The species composition of volatile fish differs markedly in coastal and offshore areas. There are species that are found only in close proximity to the coast, others may go out into the open ocean, but return to the coastal zone for reproduction, and still others constantly inhabit the ocean expanses. The main reason for this separation is the different requirements for spawning conditions. Species that breed near shores lay their eggs, equipped with sticky filamentous appendages, on the algae attached to the bottom or floating near the surface. Off the coast of Kyushu, for example, spawning Japanese flying fish occurs in early summer. At this time, large shoals of volatile fish approach the shore in evenings in places where there are algae thickets, and gather at night near the bottom at a depth of about 10 m. milt. In this case, the water is painted in a greenish-milky color for several tens of meters.

Ocean volatile fish usually use as a spawning substrate the small amount of floating material that is always present in the sea: various “fin” of coastal origin (drifting algae, branches and fruits of land plants, coconuts), feathers of birds and even siphonophore-sailboats (Velella ) living on the surface of the water. Only Diptera (Exocoetus genus) have floating eggs that have lost trailed filamentous outgrowths.

Flying fish have tasty meat and in some areas of the tropical and subtropical strip are actively used by the fishery. For local consumption, these fish are harvested in almost all tropical countries, and in some places there is also special fishing, which is very often produced by artisanal methods.
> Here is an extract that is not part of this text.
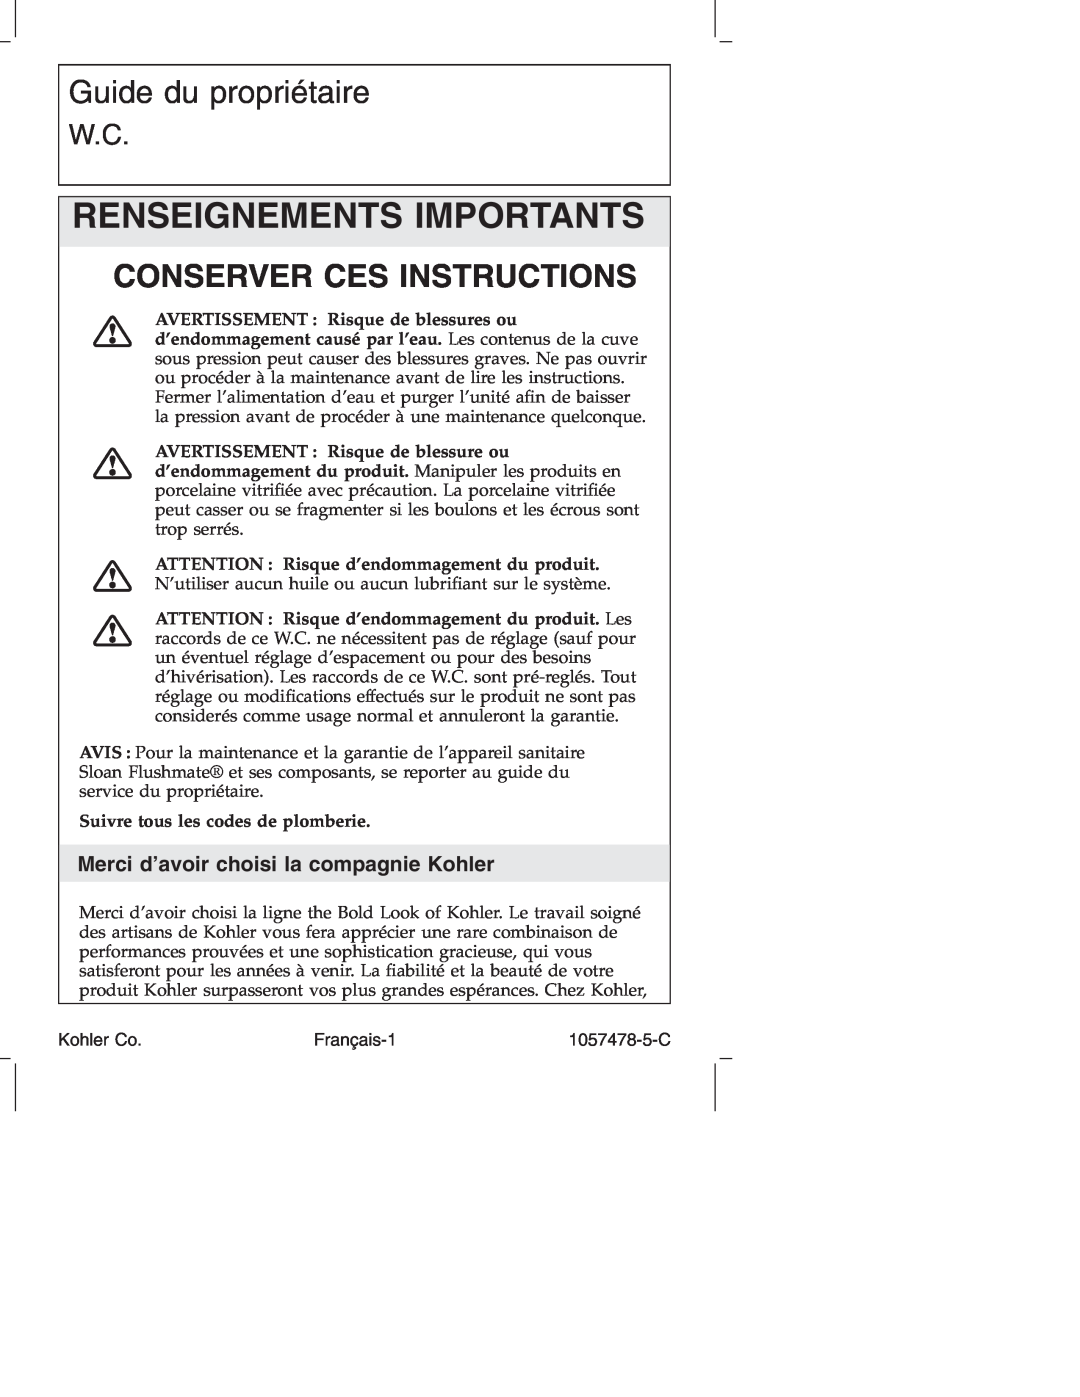 Kohler K-3393 manual Renseignements Importants, Guide du propriétaire, Conserver Ces Instructions

On the islands of Polynesia, flying fish are harvested with hook tackles, enriched pieces of shrimp, as well as nets and nets, attracting fish to boats with lit torches or lanterns at night. In the latter method, flying fish themselves fly into the net of anglers. In the Philippine Islands, different net traps, gill nets and purse seines are used for fishing for flying fish, and fishing is usually carried out with a "pen", when several special boats, scaring the fish, drive it to the nets. Quite a significant business exists in India. There it is produced mainly during the spawning of flying fish using artificial floating spawning grounds (in the form of bundles of branches towed behind a boat), to which fish spawning fish are collected, then fished with nets.

Flying fish are also harvested in China, Vietnam, Indonesia (where, apart from fishing the fish themselves, the collection of their eggs deposited on the coastal vegetation is also practiced), on the islands of the Caribbean and in other areas. The most significant fisheries using modern fishing methods (drift nets, purse nets, etc.) exist in Japan. The catch of flying fish in this country is more than half of their global catch.